Good luck with that, that's advanced chemistry.

Göran


----------



## HDTVinc (Oct 18, 2016)

Thanks.

I am fairly sure that this process should work with HCl acid and H2O2. This will produce HAuCl4, which contains an Au3+ ion, which then gets reduced by the electrons from the glow discharge. The resulting Au2+ isn't very stable, so it auto dissociates into Au3+ and Au+. Au3+ gets cycled again, and Au+ is reduced again to produce elemental gold. 

I cant use Nitric for this process, because once the gold falls out of solution, it would essentially just react with the AR and I would be back where I started, but i'm thinking that as long as I allow the H2O2 to evaporate off, I shouldn't have this problem. 

I am thinking about putting crushed up bits of IC chips gold fingers all in one large container, taking care to remove as much non-metalic bits as I can along the way, and dissolving all of the metal content in HCl and H2O2. I will have to replinish the H2O2 a few times, but that should get the job done hopefully. I know that HCl and H2O2 are NEVER used on raw e-scrap, because you would generally need to remove the copper and what not from the scrap before you tackle the gold, but the beauty of the glow discharge is that it is so selective in removing gold from the solution. 

Now all I have to do is get a vacuum pump, and figure out what gas to use.


----------



## mls26cwru (Oct 18, 2016)

what kind of vacuum are you looking to be operating at? Are you talking about RF plasma like used in plasma enhanced chemical vapor depositions? It almost sounds like you are describing an argon sputtering system.

If you are thinking about putting a liquid into those kind of low vacuums you are going to run into problems as you will boil off (rather violently) your solutions. RF Ar sputtering can be done at some higher pressures, but I know the higher the pressure you operate at, the higher the power output is needed the RF power supply, so you could be talking about some pretty heavy duty pieces of equipment.


----------



## HDTVinc (Oct 18, 2016)

I would only need a very small amount of suction to be on the vessel. Just enough to make the pressure within the tube less then ambient pressure. This helps with initiating glow discharge, rather than an arc being struck whenever power is supplied to the system. the current supplied to the vessel needs to be in the mA range, and the voltage should be in the 100V+ range. As far as i understand it, smaller particles are produced whenever the ratio of V/I is very high, so the higher the voltage, and the lower the amperage, the better the results should be. I would have to purge the system a few times in order for this to work, because i have a suspission that any nitrogen may be converted to a bit of NO and NO2 whenever the glow discharge is going. Im not 100% sure if the presence of nitrogen gas would do much, but it may reduce yields, as NO2 could get into solution and create small amounts of Nitric acid. 

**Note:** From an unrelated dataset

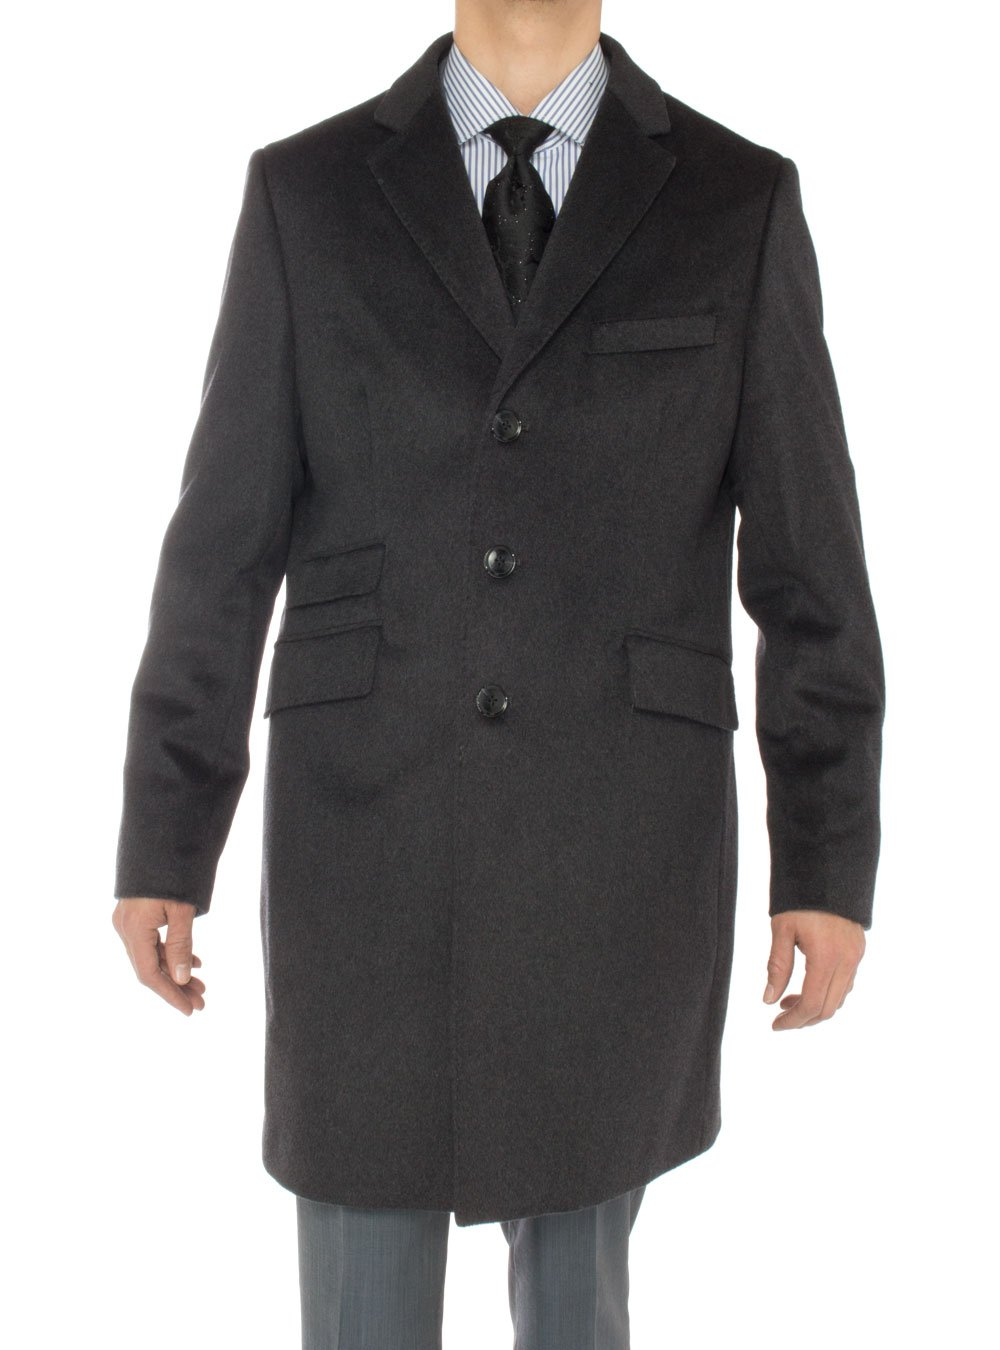 Luciano Natazzi Men's Cashmere Topcoat Modern Ticket Pocket Trench Coat Overcoat (42 US - 52 EU, Charcoal Gray)
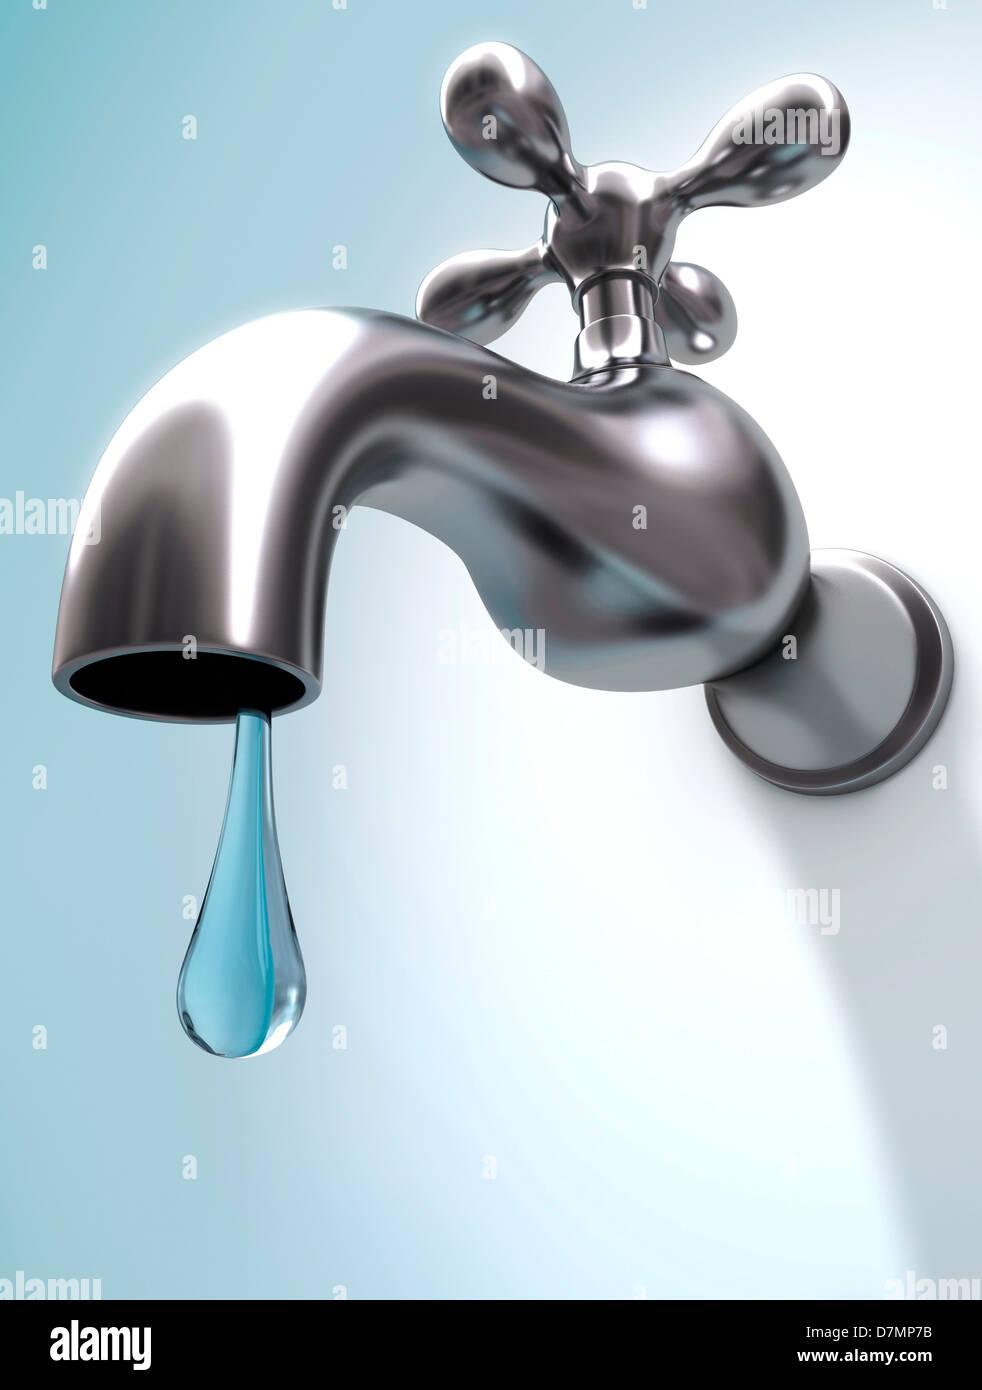 Dripping tap, artwork Stock Photo: 56390191 - Alamy

I don't know much about the sputtering that you mentioned, but from what I found with a quick google search they a much different, however you may be able to combine the ideas of both in order to plate things with very small layers of gold which could be cool. 

I could probably get away with rigging a shop vac up in order to produce the level of suction that is needed, as it would hopefully be just strong enough to induce glow discharge rather than the production of an arc. It will be a bit of trial and error on my part to figure that out.


----------



## kurtak (Oct 19, 2016)

HDTVinc said:


> I could probably get away with rigging a shop vac up in order to produce the level of suction that is needed, as it would hopefully be just strong enough to induce glow discharge rather than the production of an arc. It will be a bit of trial and error on my part to figure that out.



Per the above underlined -----------

Go to Harbor Freight & get a vacuum pump - they sell them for evacuating refrigeration & air conditioning systems - they have two CFM sizes & when they are on sale they sell for $100 - $150 --- if I remember right (off the top of my head) the small one is 2.5 CFM & the bigger one is 3 CFM

You can then get a vacuum gauge to hook up in line along with a bleeder valve to adjust the vacuum to the desired vacuum you want

Here is a pic with the vac pumps from Harbor Freight

:arrow: http://goldrefiningforum.com/phpBB3/viewtopic.php?f=40&t=19965&hilit=scrubber#p205136 

Kurt


----------



## HDTVinc (Oct 22, 2016)

Thank you so much for the information! I will definitely be getting a vacuum gauge to see what kind of suction i am getting. Thank you all so much.


----------